La década de 1990 fue una época llena de predicciones sobre el fin o al menos la irrelevancia del estado-nación tanto en la escritura académica como popular. El énfasis neoliberal en el individualismo, el libre comercio y el gobierno limitado podría parecer incompatible con el nacionalismo. Pero como escribe Storm, “al permitir la movilidad del capital, las empresas y las personas a través de las fronteras, los neoliberales forzaron a los países a competir entre sí”. Los santos patronos políticos de la era neoliberal - Ronald Reagan y Margaret Thatcher - eran ardientes nacionalistas en su retórica, al igual que Deng Xiaoping de China, quien definió sus reformas amigables con el mercado como socialismo con características chinas.
Una era de fuerzas transnacionales aparentemente no ha hecho mucho por socavar al estado-nación como la entidad política predeterminada del mundo. Internet se suponía que era un espacio donde los estados - “gigantes fatigados de carne y acero”, en la frase de John Perry Barlow - no podrían tener tracción, pero las naciones han demostrado ser bastante hábiles para sellar sus redes internas detrás de grandes muros o imponer políticas a otras naciones. Los gobiernos abordan el cambio climático a través de un marco multilateral, en el que cada Estado es juzgado por su progreso hacia su autodefinida «contribución determinada a nivel nacional». Puede que la globalización haya permitido que el covid atraviese las fronteras nacionales con pasmosa rapidez, pero los países tienden a responder a él estrechando esas fronteras.

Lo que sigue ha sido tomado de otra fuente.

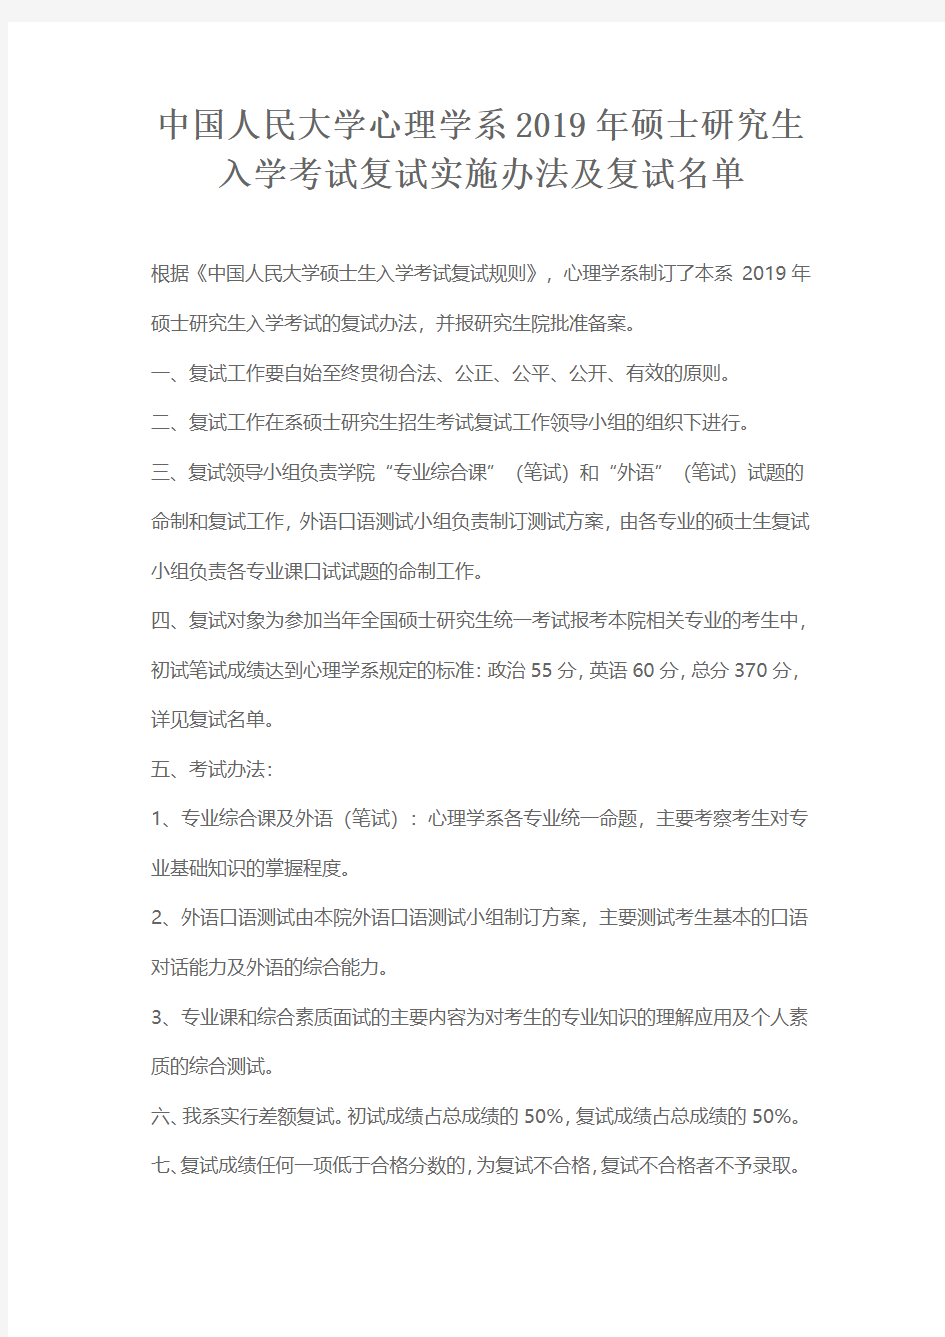 中国人民大学心理学系2019年硕士研究生入学考试复试实施办法及复试名单

Una cosa que parecía haber pasado de moda en las últimas décadas era el deseo de los estados de anexar el territorio de sus vecinos. Los líderes nacionalistas en las últimas décadas tendían a construir muros contra el mundo exterior, no a conquistarlo. Esa tendencia fue interrumpida dramáticamente por la invasión de Rusia a Ucrania y la autoproclamada anexión del territorio en el este de ese país. Una guerra de consecuencias globales causada por el deseo de China de “reunificarse” con Taiwán puede estar en el horizonte.
El libro de Storm cuenta la larga y dramática historia de cómo las naciones conquistaron el mundo y se convirtieron en la forma dominante de organización política de nuestra era. También deja en claro que esta era está lejos de haber terminado.